Seus bigodes lhe caíam até o peito. Seus olhos eram de um amarelo forte.
-Ooooooorukkkk.
O
menino foi descendo o penhasco de qualquer jeito e bem junto à base tropeçou
numa pedra, não, numa trouxa, que rolou de uma fenda na rocha. O cabelo do menino
fustigava seu rosto como milhares de açoites de gelo.
-
Ooooorukkk.
O
menino abriu a trouxa e a sacudiu: era a pele de foca da sua mãe. Ah, ele
sentia seu perfume na pele de foca e respirava seu cheiro, a alma da mãe
penetrava nele como um súbito vento de verão.
-
Ah – exclamou ele com alegria e dor, e levou novamente a pele ao rosto. Mais
uma vez, a alma da mãe passou pela pele.
– Ah !!! - gritou ele de novo,
porque estava sendo impregnado pelo amor infindo da mãe. E a velha foca
prateada ao longe mergulhou lentamente para baixo d`água. O menino escalou o
penhasco, voltou correndo para casa com a pele de foca voando atrás dele e se
jogou para dentro de casa. Sua mãe comtemplou o menino e a pele e fechou os
olhos, cheia de gratidão pelo fato de os dois estarem em segurança. Ela começou
a vestir sua pele de foca.
-
Ah, mãe, não! - gritou o menino.
Ela
apanhou o menino, ajeitou-o debaixo do braço e saiu correndo aos trambolhões na
direção do mar revolto.
-
Ai, Mamãe, não me abandone! – implorava Ooruk.

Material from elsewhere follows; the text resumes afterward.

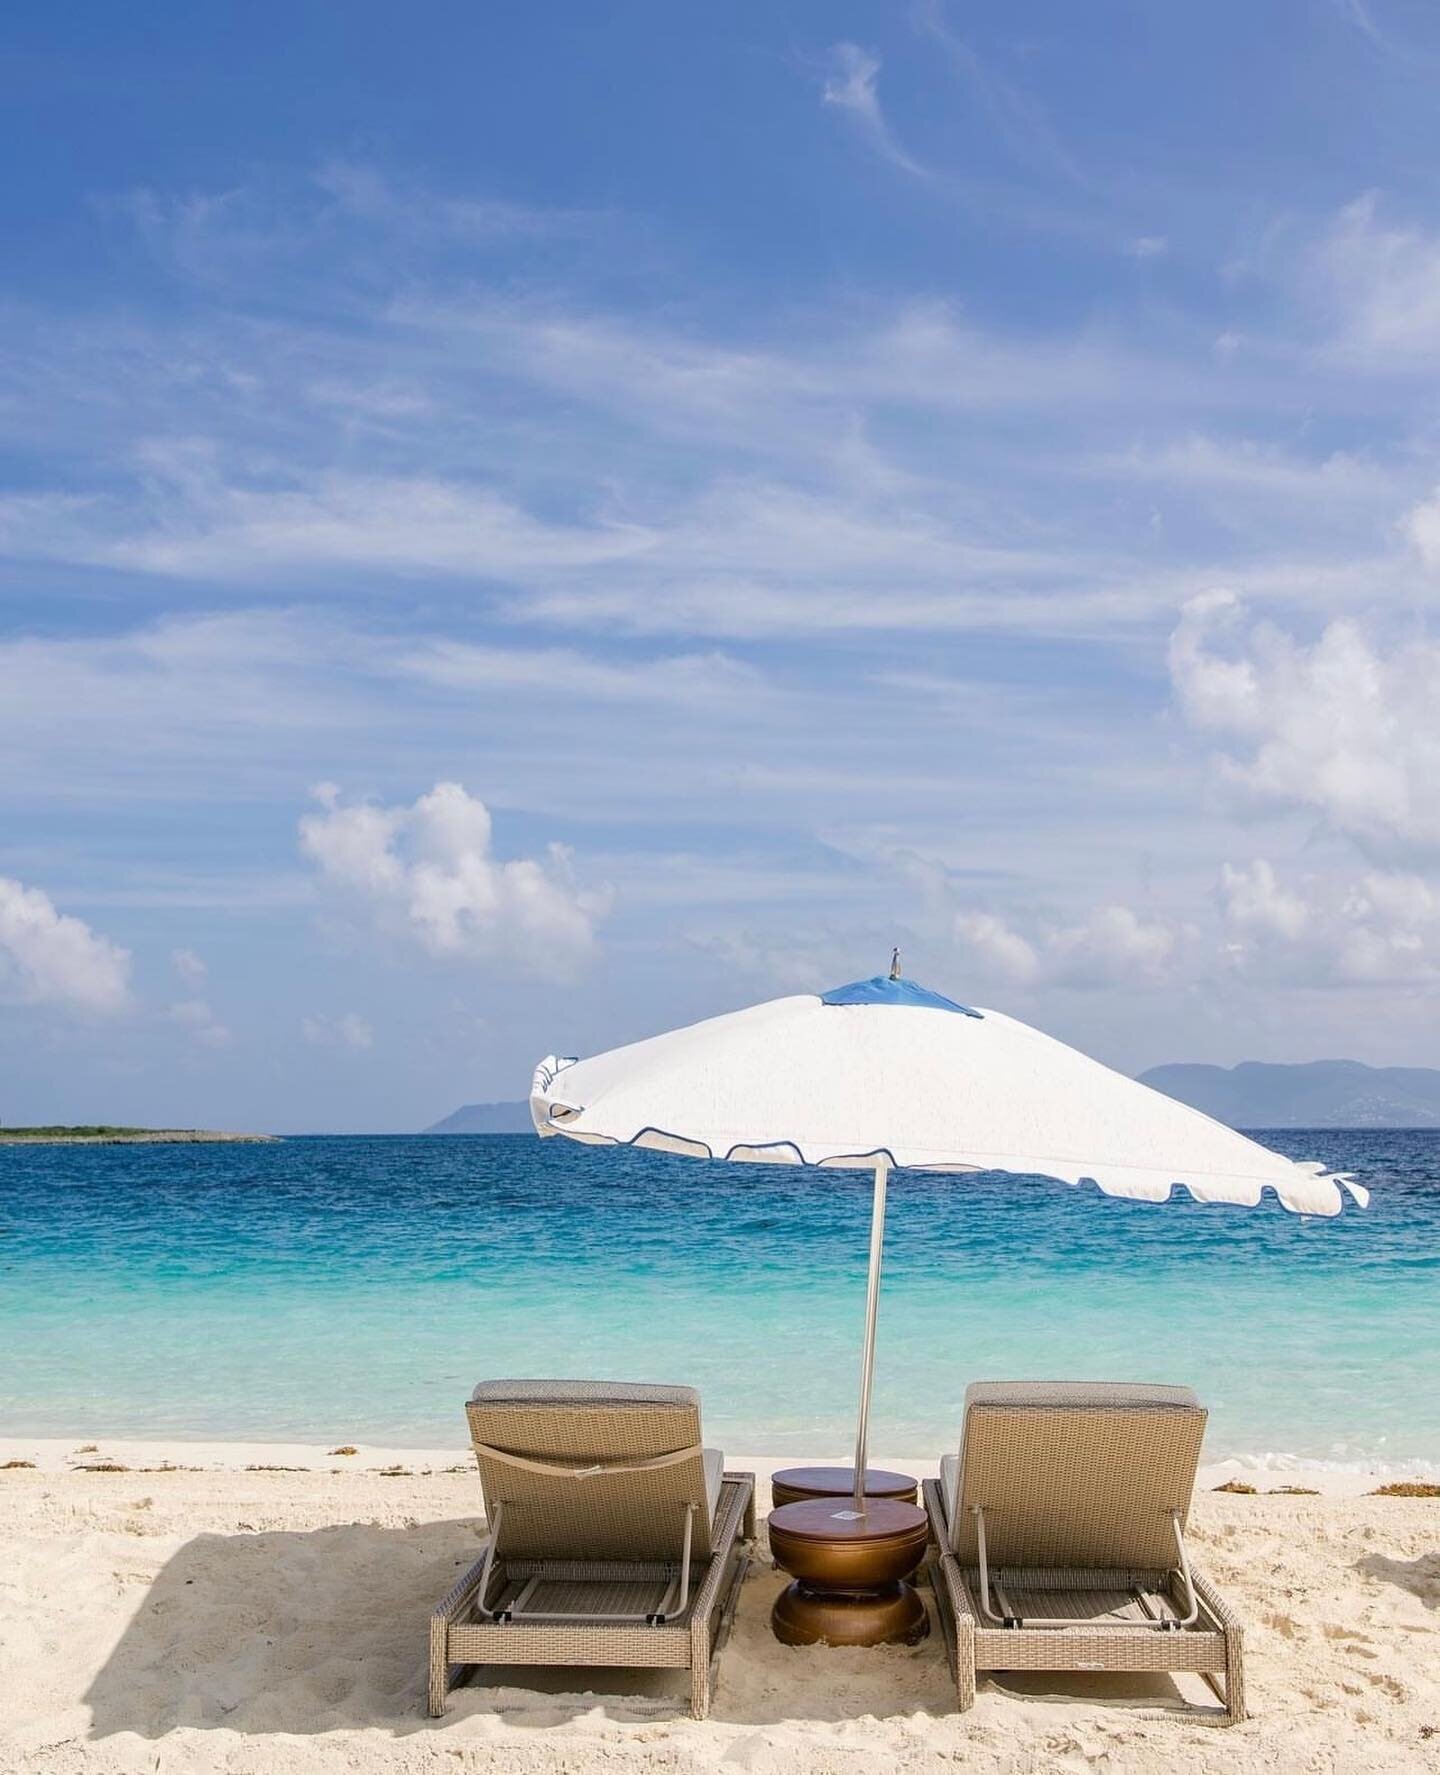 Our honeymoon clients just touched down in the Caribbean for a dreamy combo stay at @belmondcapjuluca on Anguilla and @chevalblancstbarth on St. Barths. We arranged a boat day, lunches and dinners at all the best spots, massages, a few other fun expe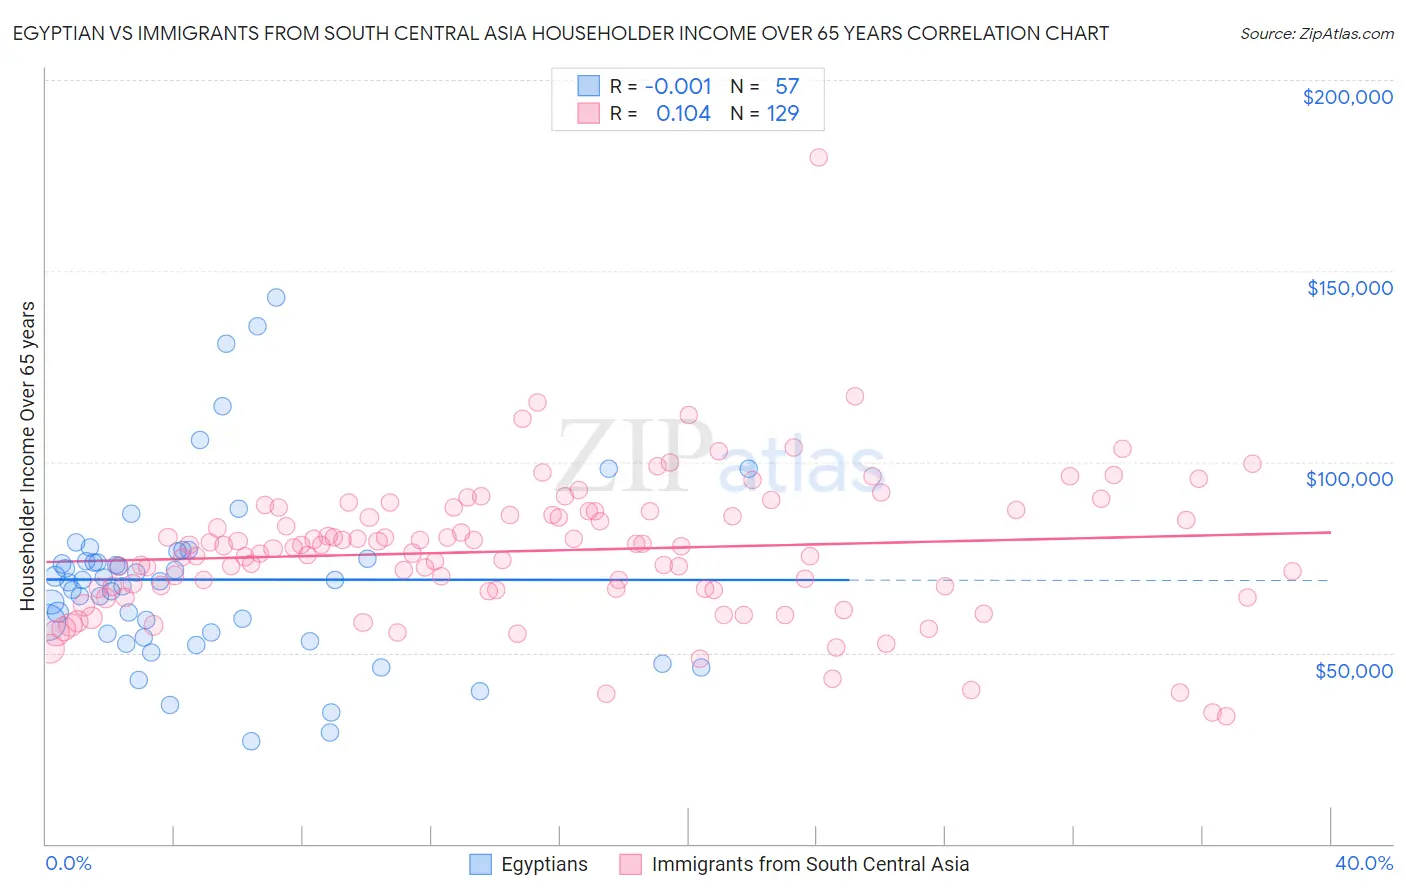 Egyptian vs Immigrants from South Central Asia Householder Income Over 65 years

E logo dava para se ver que ela
queria ficar com o filho, queria mesmo, mas alguma coisa a chamava, algo que
era mais velho do que ele, mais velho do que ela, mais antigo que o próprio
tempo.
-Ah,
mamãe, não, não, não ...choramingou a criança. Ela se voltou para ele com uma
expressão de profundo amor nos olhos. Segurou o rosto do menino nas mãos e
soprou para dentro dos pulmões do menino seu doce alento, uma vez, duas, três vezes. Depois, com o menino
debaixo do braço como uma carga preciosa, ela mergulhou bem no fundo do mar e
cada vez mais fundo. A mulher-foca e seu filho não tinham dificuldade para
respirar debaixo d``agua.
Eles
nadaram muito para o fundo até que entraram no abrigo subaquático das focas,
onde todos os tipos de criaturas estavam jantando e cantando, dançando e
conversando, e a enorme foca prateada que havia chamado Ooruk de dentro do mar
da noite abraçou o menino e o chamou de neto.
-
Como você está se sentindo lá em cima, minha filha? – Perguntou a grande foca
prateada. A mulher-foca afastou o olhar e respondeu.
-
Magoei um ser humano... um homem que deu tudo para que eu ficasse com ele. Mas
não posso voltar para ele, porque, se o fizer, estarei me transformando em
prisioneira.
_
E o menino - perguntou a velha foca. – Meu neto? – Ele
estava tão orgulhoso que sua voz tremia.
_
Ele tem de voltar, meu pai. Ele não pode ficar aqui. Ainda não chegou o seu
tempo de ficar conosco.- Ela chorou.
E juntos eles choraram. E assim passaram-se
alguns dias e noites, exatamente sete, período durante o qual voltou o brilho aos
cabelos e aos olhos da mulher-foca. Ela adquiriu uma bela cor escura, sua visão
se recuperou, seu corpo voltou às formas arredondadas, e ela nadava com
agilidade. Chegou, porém, a hora de devolver o menino à terra.
Nessa
noite, o avô-foca e a bela mãe do menino nadaram com a criança entre eles.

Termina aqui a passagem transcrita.